I ask if Janey’s around, but I’m tongue-tied and embarrassed. I feel like I’ve somehow exposed my feelings for Janey, though I was obviously just panicking. But I somehow needed to hear Janey’s voice. Plus she’d said it wasn’t working out with Lil, yet here was the girl herself, comfortably answering Janey’s calls! I admit, it made me feel twisted inside – angry from the inside out. And then, after I’d asked Lil to close the bloody window – which, it turns out, was closed after all – I feel useless again, and old, and crazy. So I dream of the birds of paradise and imagine Henry grovelling his apologies, his tears falling on my peep-toe shoes.
Anyhoo, around lunchtime, I pop out to grab myself a sandwich, but because of a load of building work I take a quieter route. This leads me behind a car park and past a betting shop, and for some strange reason I get the urge to look up. Above the betting shop is a smart-looking office with windows that are far swankier than the store beneath it. Letters are impeccably stencilled in gold on every window. They say: Malone and Dawes, C
hartered Accountants.
Holy shit, Kitten! It was Guy’s office!
It took me by surprise for a minute because I’d expected a posher place. Up above a betting shop isn’t my idea of swish! But in any case, I decided to go on up. I’d surprise him; see if he wanted a sandwich. Maybe then we could talk face-to-face. And if not, no harm done.
So I find the side door, which says, ‘Out to Lunch’, but I know that probably means they’re just up there eating sandwiches, so I head up the stairs and through another door, and the room I walk into is actually rather nice. Swanky wood panelling and floorboards and a sturdy oak desk at the centre of the room. There’s a nice leather swivel chair and rows of wine-red leather-bound books. On the desk itself is a photo in a frame: a little girl who looks like Valerie, except she has gorgeous dimples and dark hair in plaits.
Each side of the desk is a door. One is ajar and the other is not. Now call it intuition, if you like, but I’m drawn towards the open one … can’t seem to help myself. Maybe Guy is inside? Maybe I can catch him for lunch.

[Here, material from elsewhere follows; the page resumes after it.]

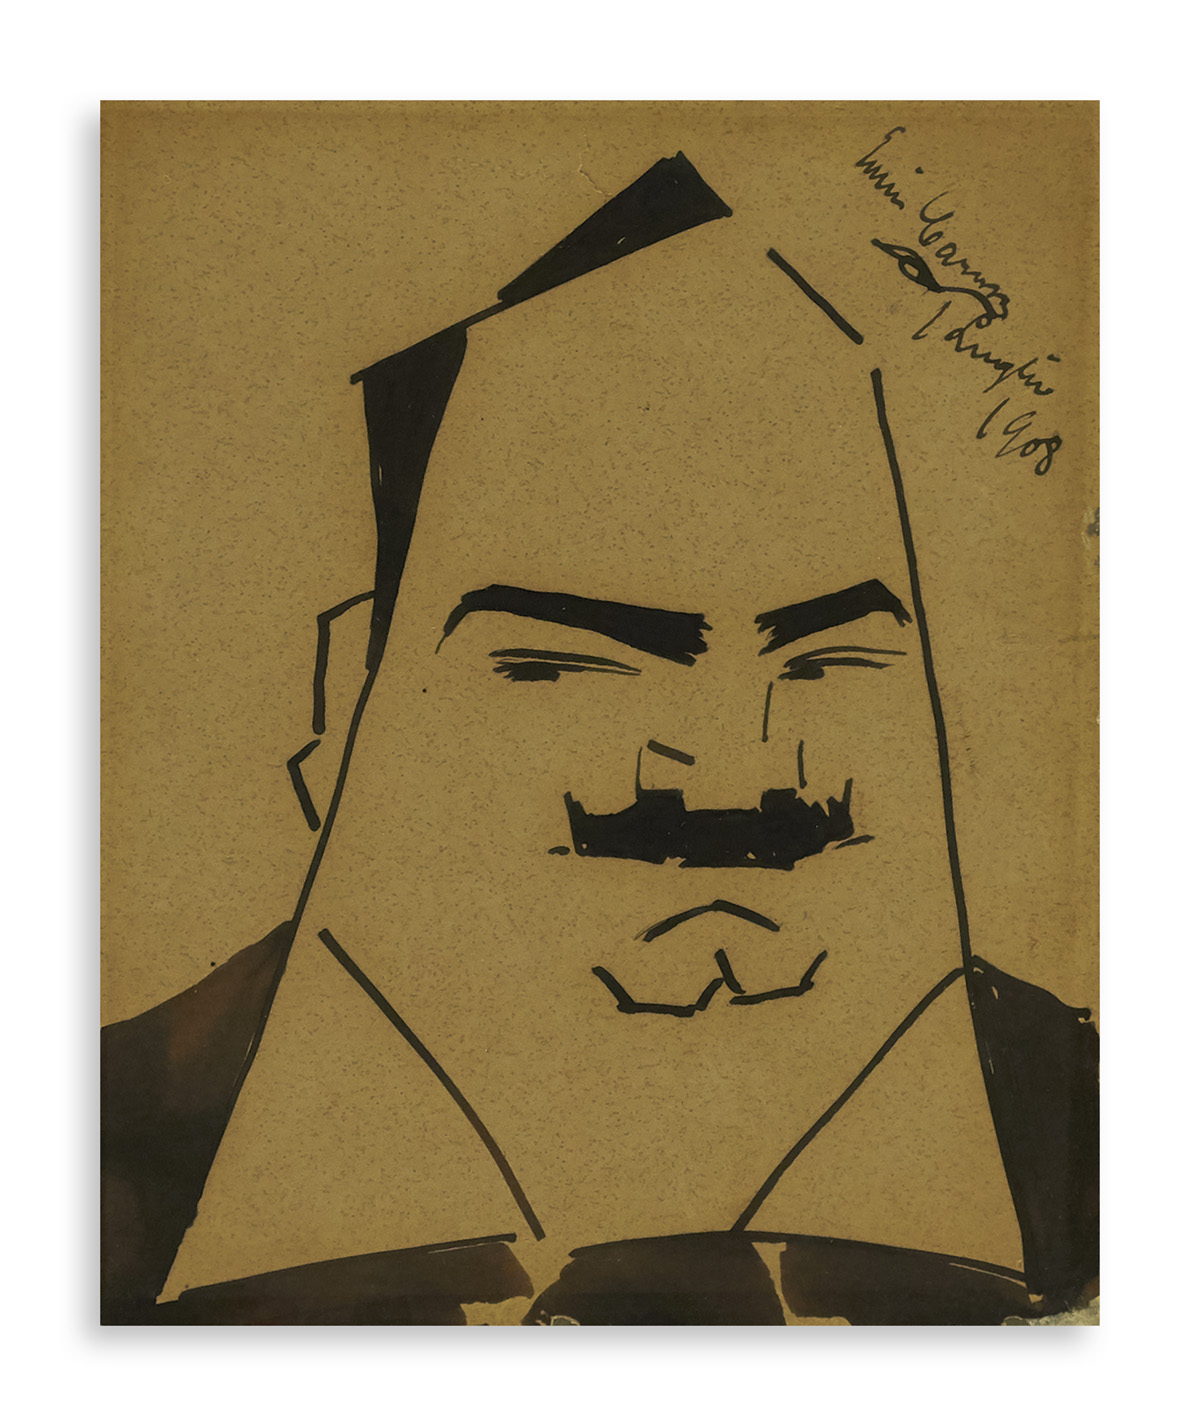 CARUSO, ENRICO. Ink drawing, dated and Signed, self-caricature showing his bust while he makes a sidelong glance.

That’s when I hear the first noise. A male voice moaning, ‘Do it, do it.’
Up against the crack in the door, I stare into the office beyond.
I would tell you how it was decorated, Kitten. Neat or messy, suave or tacky. But these weren’t the details I caught. Because Guy was lying prone on the desk, his tie loose, his shirt partly unbuttoned and his trousers down. And on top of him was Valerie.
Kitten, is it my curse to catch my lovers cheating on me, in the buff?
I get a sickly feeling at first to see Valerie’s ecstatic face as she bounces on him. And he looks so much more into it than he does with me, and it’s so frustrating that I can’t look away – I’m just too wet not to watch. I mean, oh, my God, Valerie is hot. She’s wearing a cream-coloured corset that has been pulled down to reveal her tanned breasts – and because of the way it pushes them up, they’re particularly round and bouncy. She’s also wearing flesh-coloured stockings and her curvy bum is magnificent as she rides up and down, up and down, harder and faster at every turn. She’s wearing the same spiky shoes she wore on our date, and the light in her eyes is devilish. Her facial expression makes her look like a girl who’s triumphantly laying into her playground enemy.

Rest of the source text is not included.